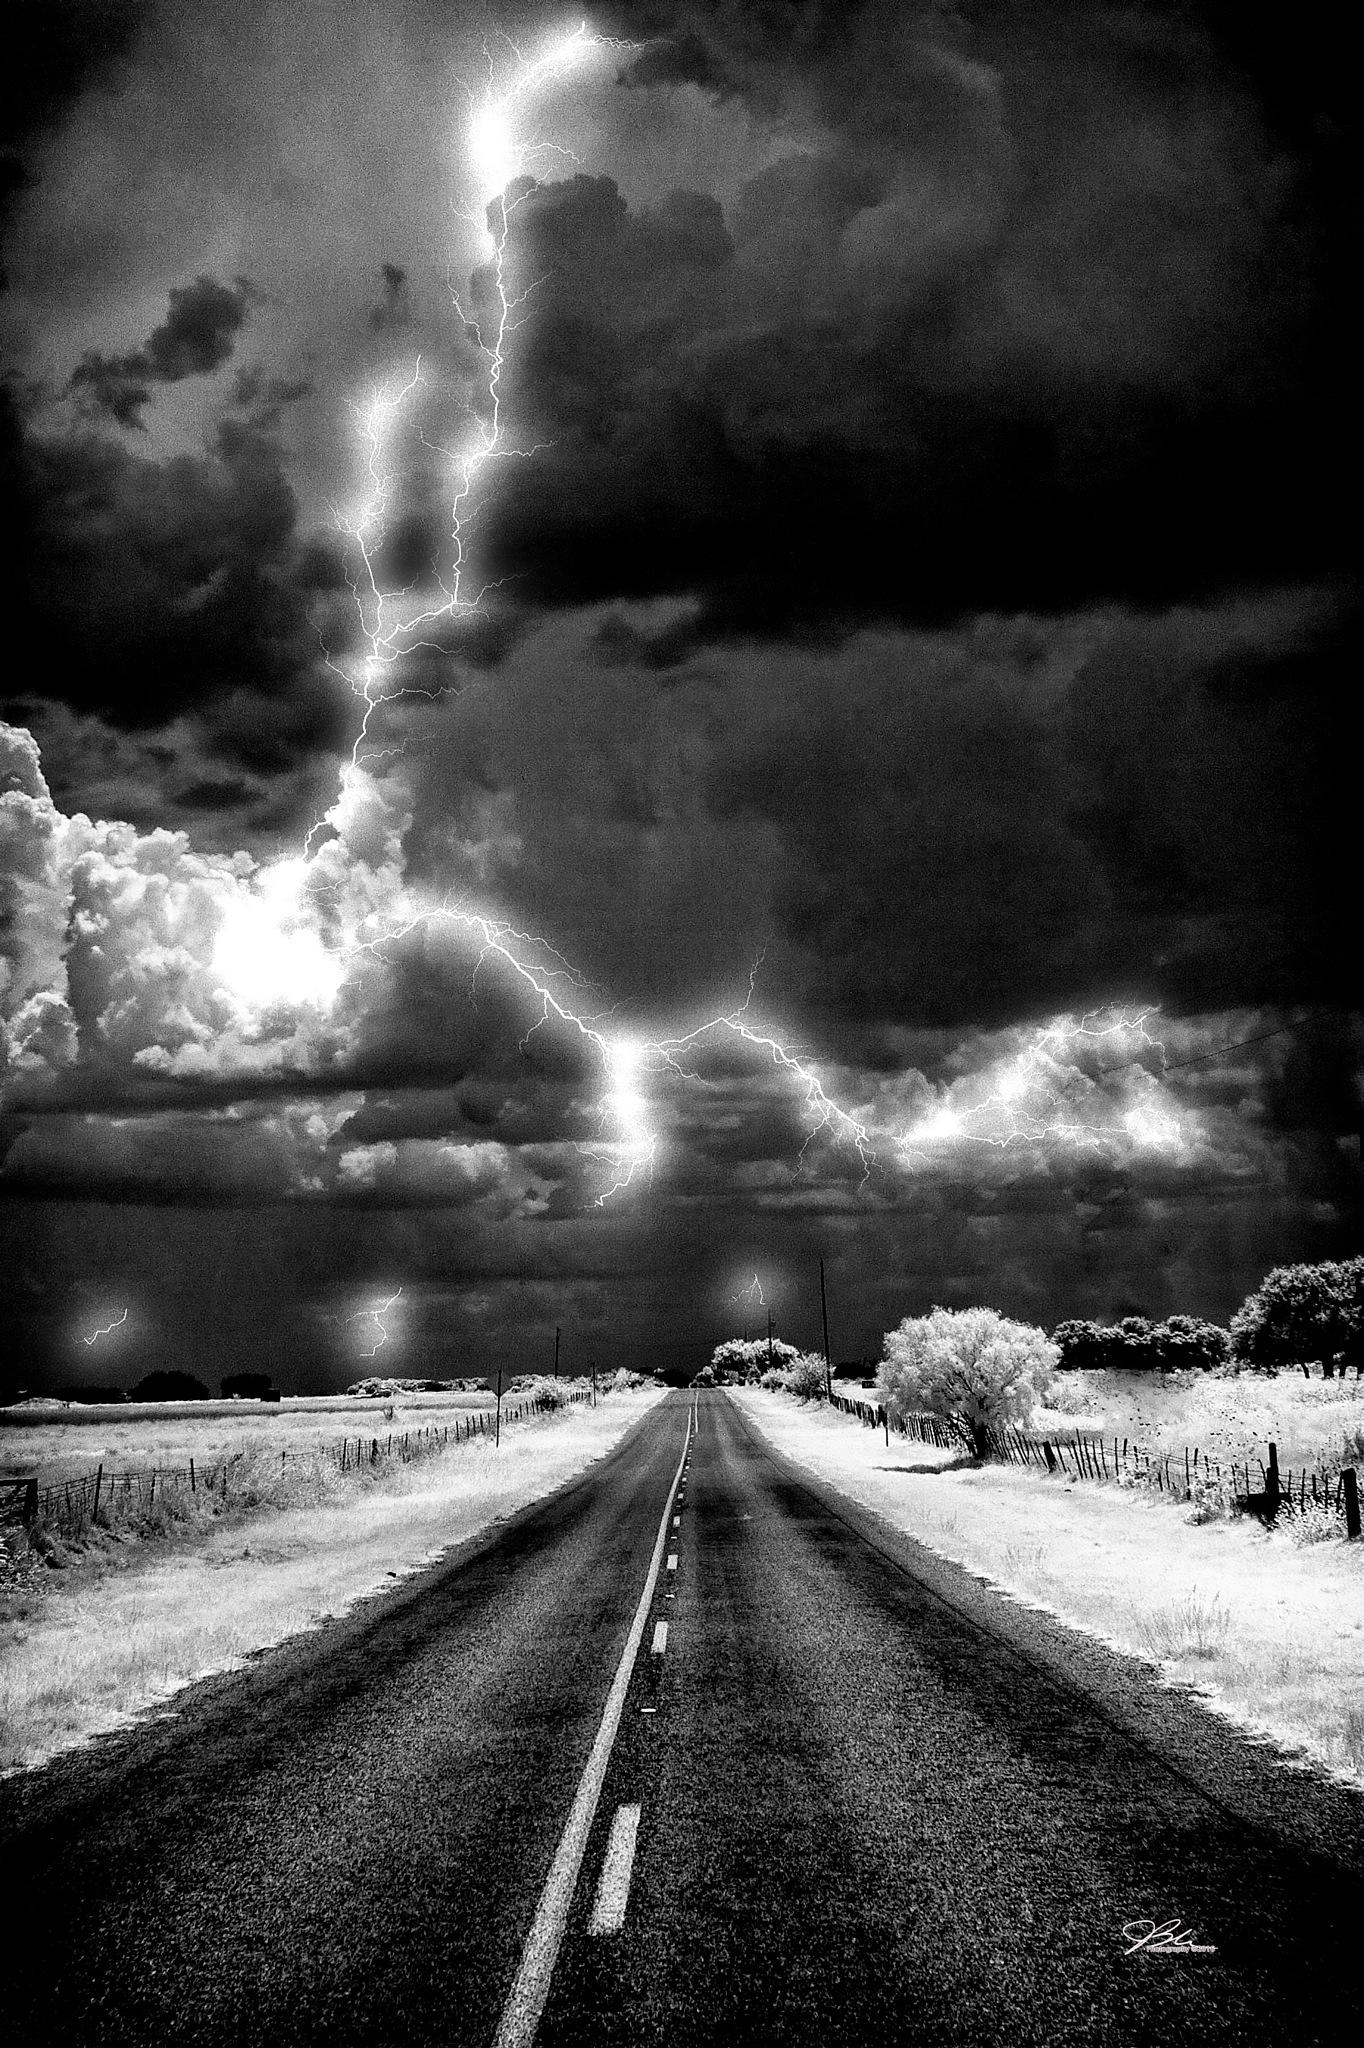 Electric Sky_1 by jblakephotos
---
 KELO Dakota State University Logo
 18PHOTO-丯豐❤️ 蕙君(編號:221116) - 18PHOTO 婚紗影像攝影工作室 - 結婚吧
...
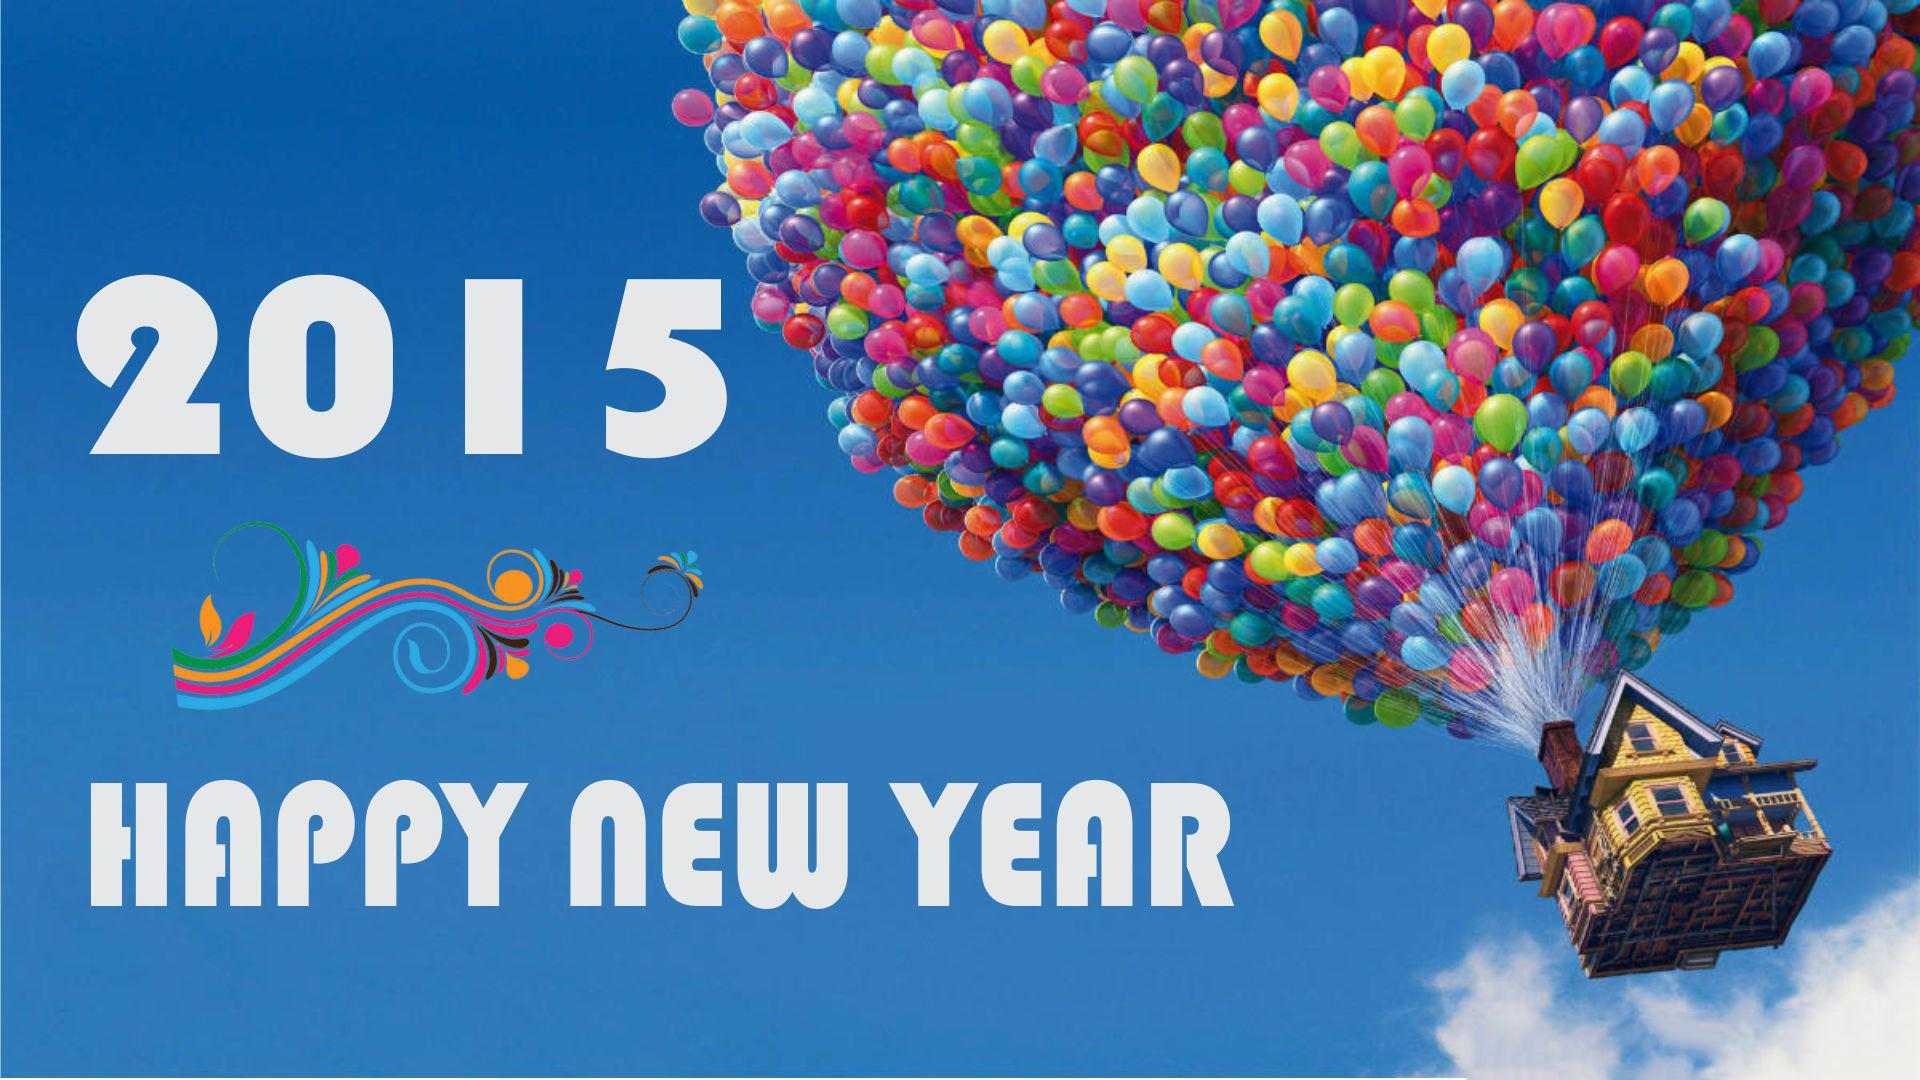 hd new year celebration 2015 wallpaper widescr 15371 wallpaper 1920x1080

**YOUR ASSIGNMENT**. Both the line containing "KELO Dakota State University Logo" and the line containing "18PHOTO-丯豐❤️ 蕙君(編號:221116) - 18PHOTO" belong in the answer. Print them and every line above that falls between them exactly, and no others.

**WORKED SOLUTION**.
 KELO Dakota State University Logo
 18PHOTO-丯豐❤️ 蕙君(編號:221116) - 18PHOTO 婚紗影像攝影工作室 - 結婚吧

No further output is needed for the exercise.